> _Data records_

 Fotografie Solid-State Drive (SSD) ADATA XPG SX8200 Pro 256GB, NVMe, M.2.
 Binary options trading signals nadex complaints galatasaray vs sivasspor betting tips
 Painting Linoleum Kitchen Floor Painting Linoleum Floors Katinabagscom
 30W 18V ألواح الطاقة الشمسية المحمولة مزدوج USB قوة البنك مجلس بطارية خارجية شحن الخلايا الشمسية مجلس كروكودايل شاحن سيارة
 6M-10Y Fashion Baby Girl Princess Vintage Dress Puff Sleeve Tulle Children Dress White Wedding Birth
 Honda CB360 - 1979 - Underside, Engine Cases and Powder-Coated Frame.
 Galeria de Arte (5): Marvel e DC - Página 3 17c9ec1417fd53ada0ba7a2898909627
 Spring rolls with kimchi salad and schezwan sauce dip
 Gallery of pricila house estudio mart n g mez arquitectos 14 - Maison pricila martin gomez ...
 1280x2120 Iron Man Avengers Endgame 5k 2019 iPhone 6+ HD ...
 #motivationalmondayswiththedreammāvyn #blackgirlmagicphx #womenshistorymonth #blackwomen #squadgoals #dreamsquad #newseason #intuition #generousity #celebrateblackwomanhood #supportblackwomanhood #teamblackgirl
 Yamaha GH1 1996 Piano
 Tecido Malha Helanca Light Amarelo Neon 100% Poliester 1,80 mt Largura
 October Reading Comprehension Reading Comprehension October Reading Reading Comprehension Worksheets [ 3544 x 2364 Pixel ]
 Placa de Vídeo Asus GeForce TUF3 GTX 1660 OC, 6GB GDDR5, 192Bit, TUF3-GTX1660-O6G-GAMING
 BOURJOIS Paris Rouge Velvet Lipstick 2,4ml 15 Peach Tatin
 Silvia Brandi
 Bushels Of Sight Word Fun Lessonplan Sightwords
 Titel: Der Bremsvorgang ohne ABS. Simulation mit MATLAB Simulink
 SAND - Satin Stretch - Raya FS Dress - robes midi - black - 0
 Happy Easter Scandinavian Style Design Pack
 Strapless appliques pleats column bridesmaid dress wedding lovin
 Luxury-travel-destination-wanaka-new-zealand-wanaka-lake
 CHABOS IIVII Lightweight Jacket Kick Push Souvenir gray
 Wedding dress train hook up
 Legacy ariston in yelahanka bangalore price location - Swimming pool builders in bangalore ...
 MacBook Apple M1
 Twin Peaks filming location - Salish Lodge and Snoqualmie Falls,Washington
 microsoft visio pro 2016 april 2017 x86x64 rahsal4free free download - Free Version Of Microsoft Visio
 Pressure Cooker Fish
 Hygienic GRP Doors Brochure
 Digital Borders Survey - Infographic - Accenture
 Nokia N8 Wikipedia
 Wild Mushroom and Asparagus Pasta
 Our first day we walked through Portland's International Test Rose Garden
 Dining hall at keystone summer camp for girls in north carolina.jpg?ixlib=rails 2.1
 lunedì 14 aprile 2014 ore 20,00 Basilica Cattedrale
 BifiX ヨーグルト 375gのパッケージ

> _Task directions_
Output the material above exactly, but only from the line that carries "Silvia Brandi" through the line that carries "MacBook Apple M1".

> _Expected output_
 Silvia Brandi
 Bushels Of Sight Word Fun Lessonplan Sightwords
 Titel: Der Bremsvorgang ohne ABS. Simulation mit MATLAB Simulink
 SAND - Satin Stretch - Raya FS Dress - robes midi - black - 0
 Happy Easter Scandinavian Style Design Pack
 Strapless appliques pleats column bridesmaid dress wedding lovin
 Luxury-travel-destination-wanaka-new-zealand-wanaka-lake
 CHABOS IIVII Lightweight Jacket Kick Push Souvenir gray
 Wedding dress train hook up
 Legacy ariston in yelahanka bangalore price location - Swimming pool builders in bangalore ...
 MacBook Apple M1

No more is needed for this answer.